Introduction
This paper discusses the central currently studied relationships and effects of various environmental toxicants and the development of neurodegenerative diseases. The literature review showed that this relationship exists, but at the moment, it has been studied pointwise; in the scientific community, there is no systematization or classification of the available knowledge for various groups of toxicants. As a result, a quantitative study of a sample of a risk group of people who have already been exposed to toxication for a specific time, for example, in the workplace, is proposed. With the help of GWAS analysis, it is proposed to analyze the potential correlation and evaluate its statistical significance using the t-test.
Background
Neurotoxicity is a property of chemicals acting on the body in a non-mechanical way to cause a violation of the structure and functions of the nervous system. The developing toxic process can be based on damage to any structural element of the nervous system by modifying plastic, energy exchanges, disruption of generation, conduction of a nerve impulse along excitable membranes, and signal transmission in synapses. Neurotoxicity can manifest direct and mediated damage to other organs and systems, the action of toxicants on the nervous system (Li et al., 2021). Neurotoxicity is inherent in most known substances. Therefore, almost any acute intoxication is accompanied to some extent by dysfunctions of the nervous system (Brecht et al., 2004). Substances for which the threshold of sensitivity of the nervous system itself or its individual histological and anatomical formations is significantly lower than other organs and systems, and the intoxication of which is based on violations of the motor, sensory functions of the nervous system, memory, thinking, emotions, behavior, are conditionally referred to as neurotoxicants, even if the mechanisms of their toxic action are not known (Li et al., 2021). For example, lead intoxication in children leads to mental retardation and impairs learning abilities. The mechanism of this phenomenon is unknown, but it is generally accepted that neurotoxicity is a property of lead. The study of the features of the action of individual neurotoxicants allows us to understand the mechanisms of the phenomenon of neurotoxicity in general.

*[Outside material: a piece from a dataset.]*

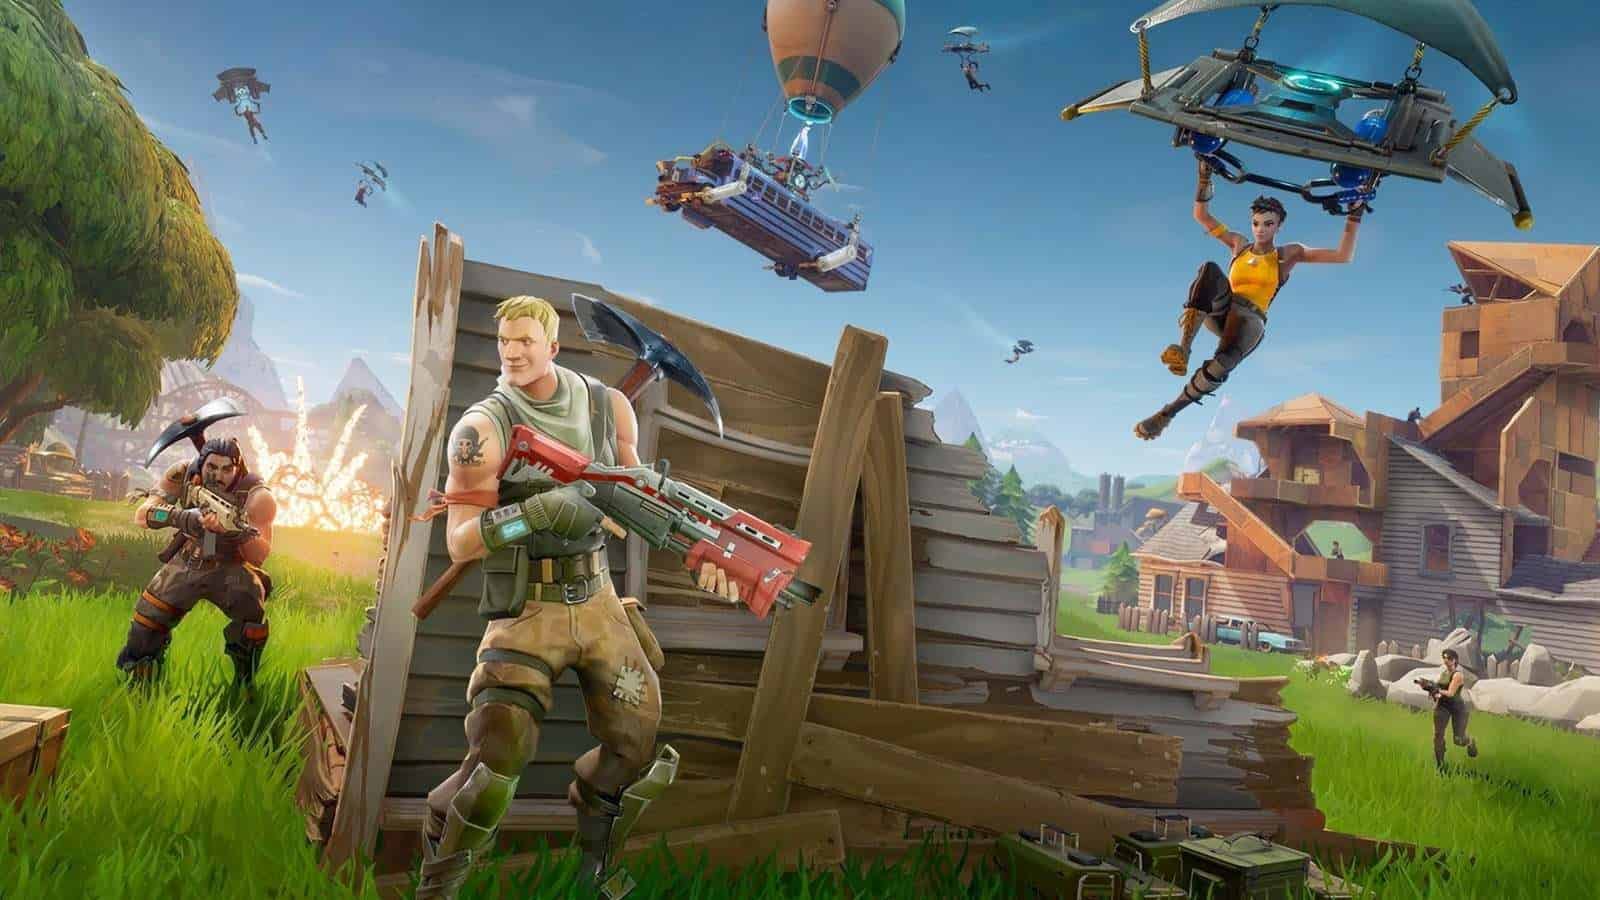 Fortnite Players Have Clocked Over 10.4 Million Cumulative YEARS In-Game

The vulnerability of the nervous system to the damaging effects of chemicals is due to the following circumstances. Firstly, many chemicals easily penetrate the BBB and also act on nerve formations that the BBB does not protect, and long nerve processes (axons and dendrites) significantly increase the contact area of ​​the neuron with its environment, increasing the vulnerability of cells to toxic damage. Second, for the ordinary course of physiological processes in the CNS, it is necessary to maintain the electrochemical balance in the elements of the nervous system, which is ensured by numerous mechanisms that can be affected by various chemicals (Brecht et al., 2004). Thirdly, nerve cells, as a rule, cannot regenerate; therefore, their death leads to relatively permanent consequences. Finally, toxic damage sustained at an early age may manifest and intensify as the body ages, as neuronal loss and other changes in the nervous system progressively increase in the second half of life. Even minor violations of the structure and function of the nervous system can have detrimental consequences for the functioning of the body as a whole, manifested by neurological and behavioral disorders and changes in the functions of other organs and systems.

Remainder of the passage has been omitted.